* _Prompt_: Please give back the listing below word for word, without the images.

* _Raw data_:

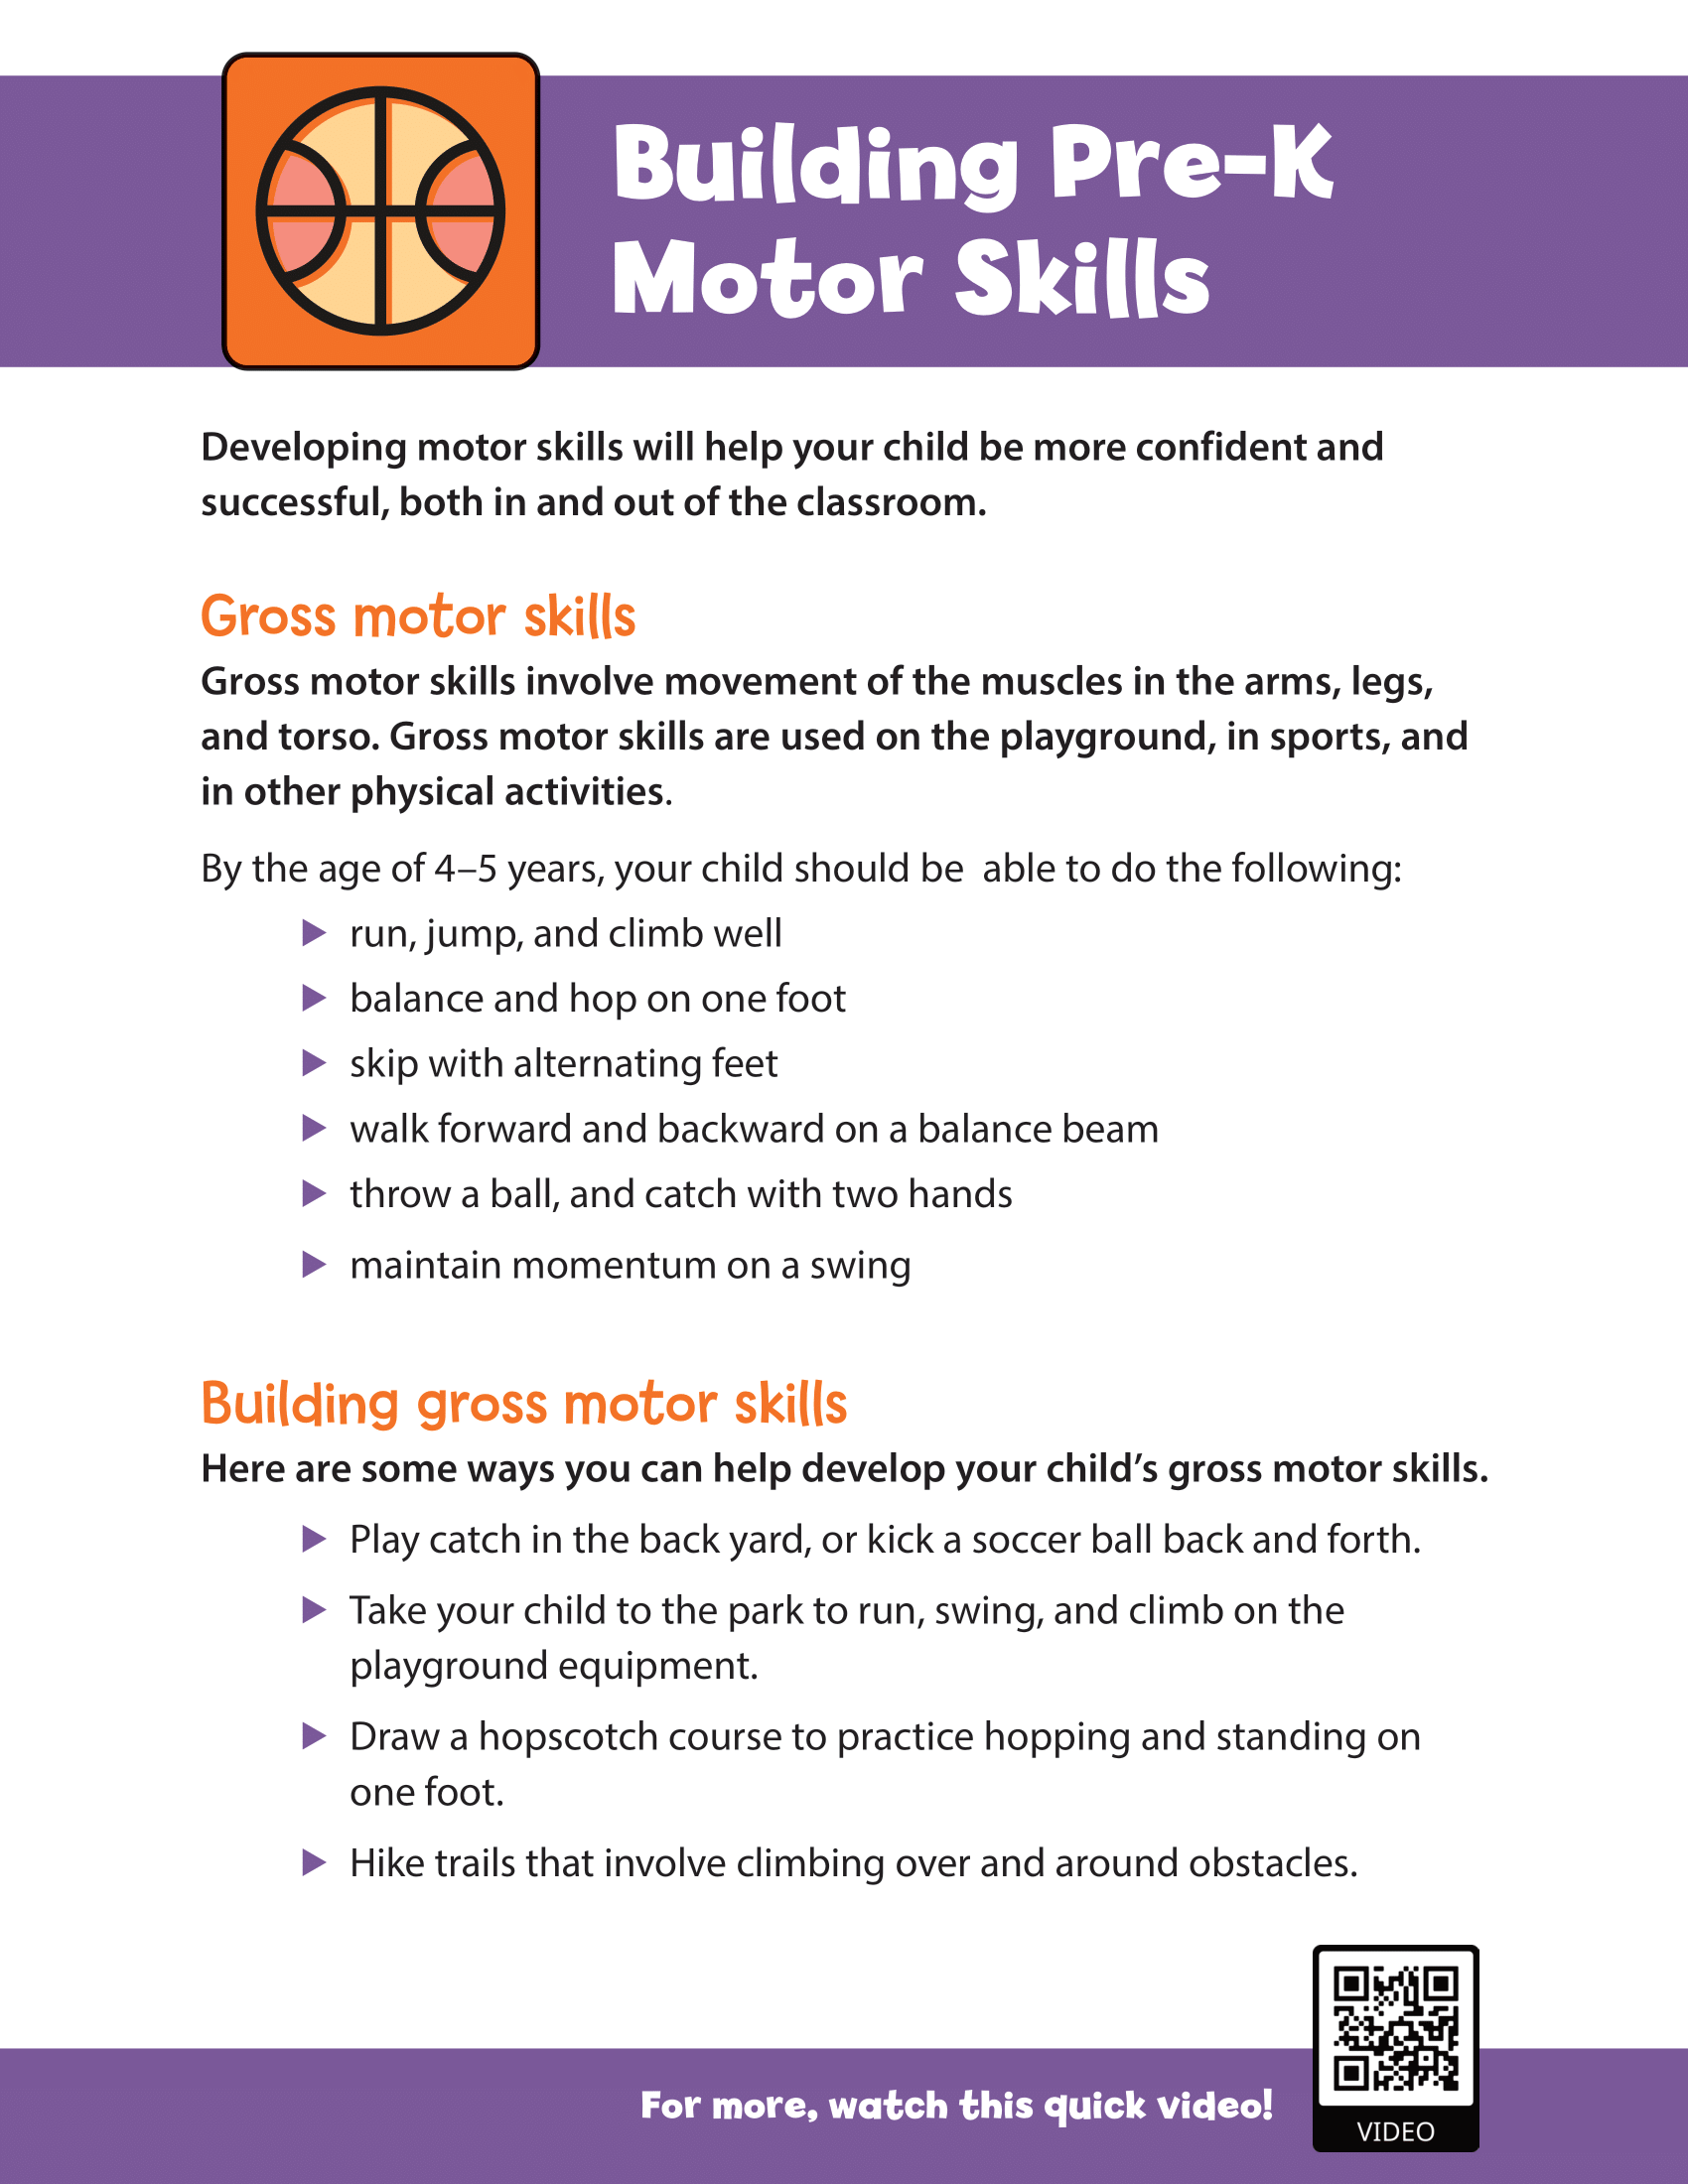 Building Pre-K Motor Skills
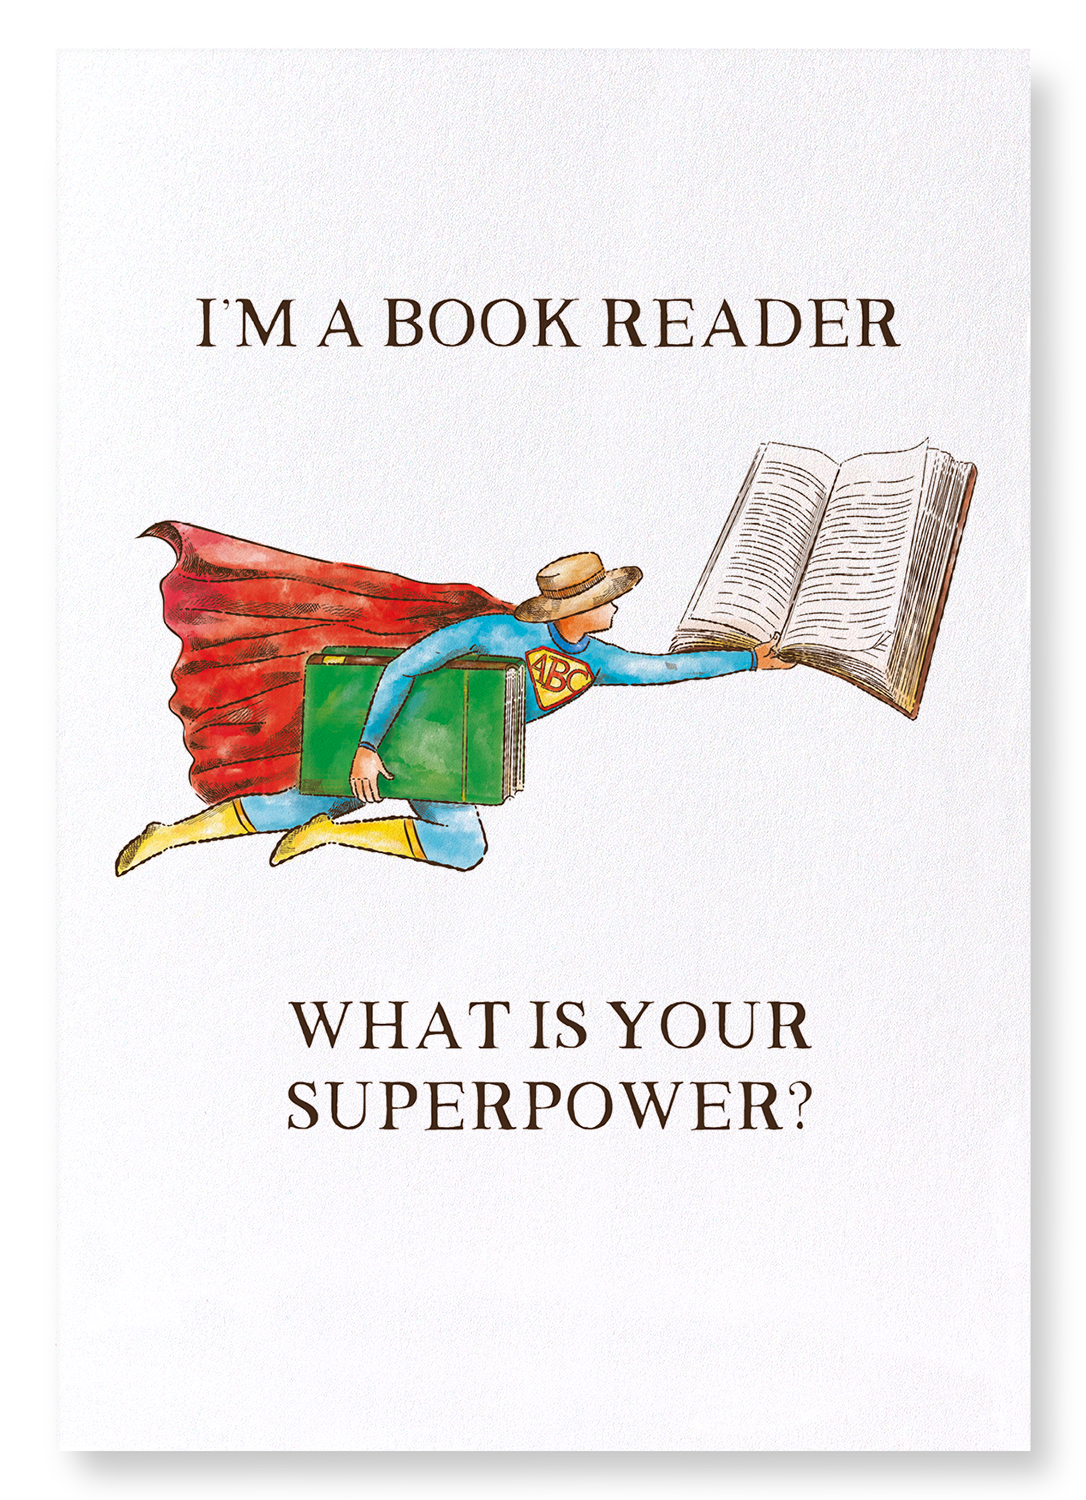 READER SUPERPOWER
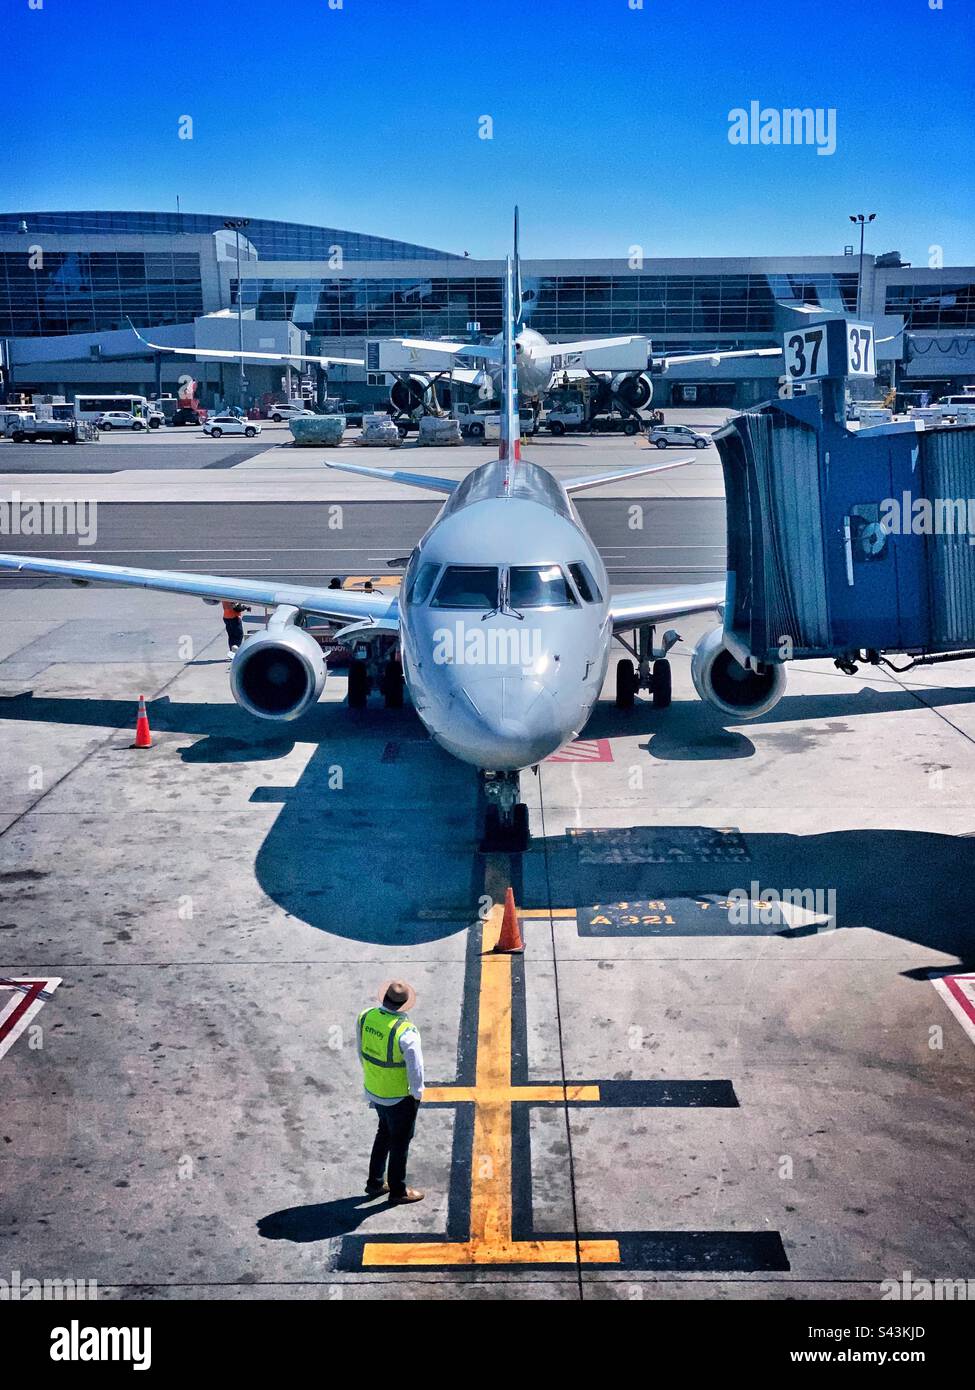 Un avion se met à la porte d'embarquement du terminal 8 des compagnies aériennes américaines de l'aéroport JFK John F Kennedy de New York. Banque D'Images

* _Response to this task_:
 Building Pre-K Motor Skills
 READER SUPERPOWER
 Un avion se met à la porte d'embarquement du terminal 8 des compagnies aériennes américaines de l'aéroport JFK John F Kennedy de New York. Banque D'Images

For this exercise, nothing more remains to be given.